If you’re interested in better performances, we created a short survey where you can give a boost to this feature and help us to improve WeasyPrint 😉

Vote for it!

aschmitz commented 2 years ago

Other observations from digging through the profiling I did for #1587 for a bit:

I suspect I'd mostly be looking to improve things somewhere inside remake_page, and possibly by seeing if there's anything we can memoize on backgrounds or margin boxes. draw_text is 14% of our weight, and get_first_line takes about 10% total so if there are obvious things to do on either of those they could be impactful as well. (I have fantasized about replacing Pango's line breaking with something more purpose-built on HarfBuzz, but I doubt I'll have the time. That said, simply caching get_first_line calls might be of some use.)

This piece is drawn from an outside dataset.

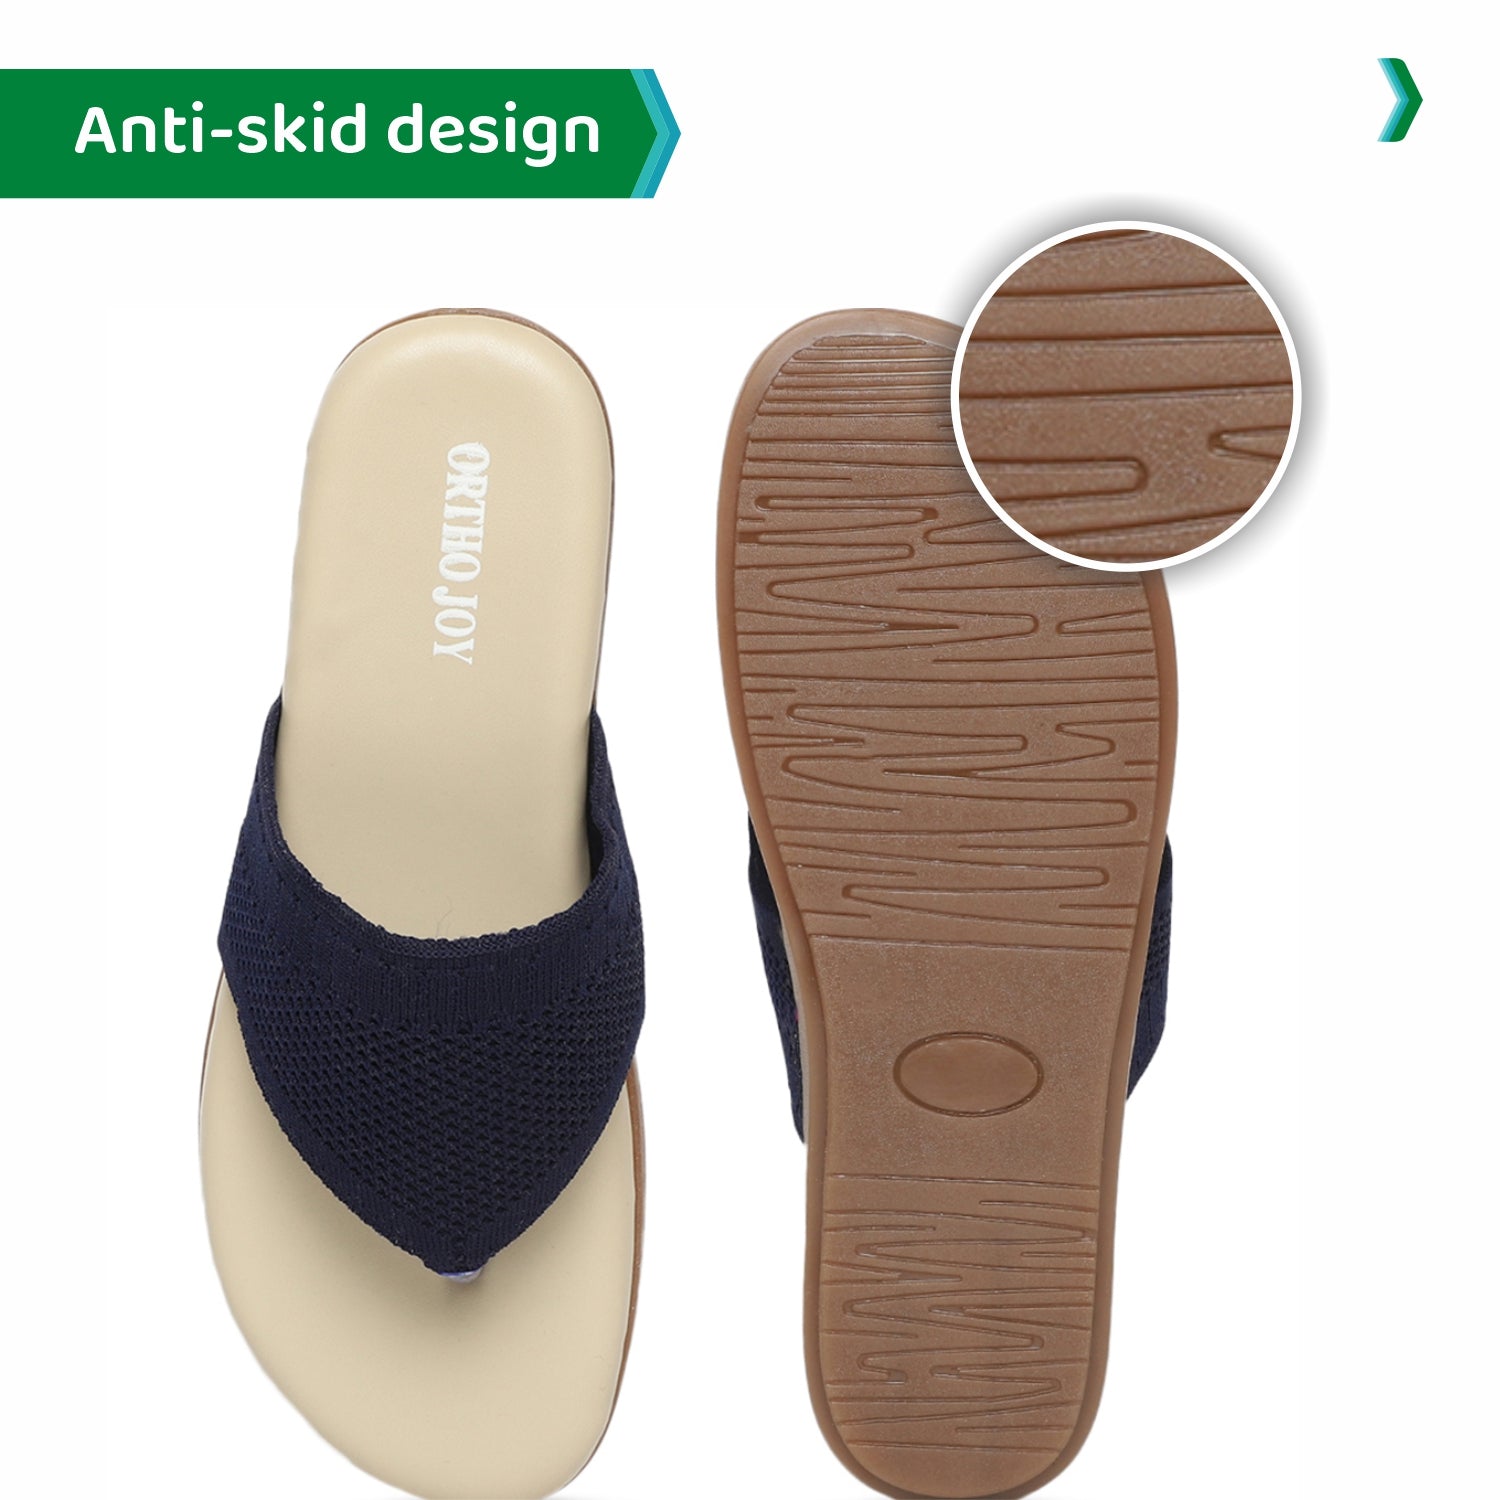 Naturalizer | Shoes | Naturalizer Tan Leather Super Comfort Sandals 65 M  New No Tag | Poshmark

But again, things look like there won't be many obvious quick wins in a "simple" document. I think there are a few gotchas around multi-column lists that are worth digging into, and they'll probably exist in some other edge cases, but that's more an effort of finding documents that hit them than "general" optimization.

liZe commented 2 years ago

@aschmitz Thanks a lot for finding and sharing these numbers.

Before discussing the details, here is some general information about performances for WeasyPrint, for everybody that would be interested in this topic.

WeasyPrint is quite slow by choice and by design, but it doesn’t mean at all that we can’t improve its speed. That’s the major point we’re working on for the next release, as it was one of the important topics for WeasyPrint’s users in the survey last year.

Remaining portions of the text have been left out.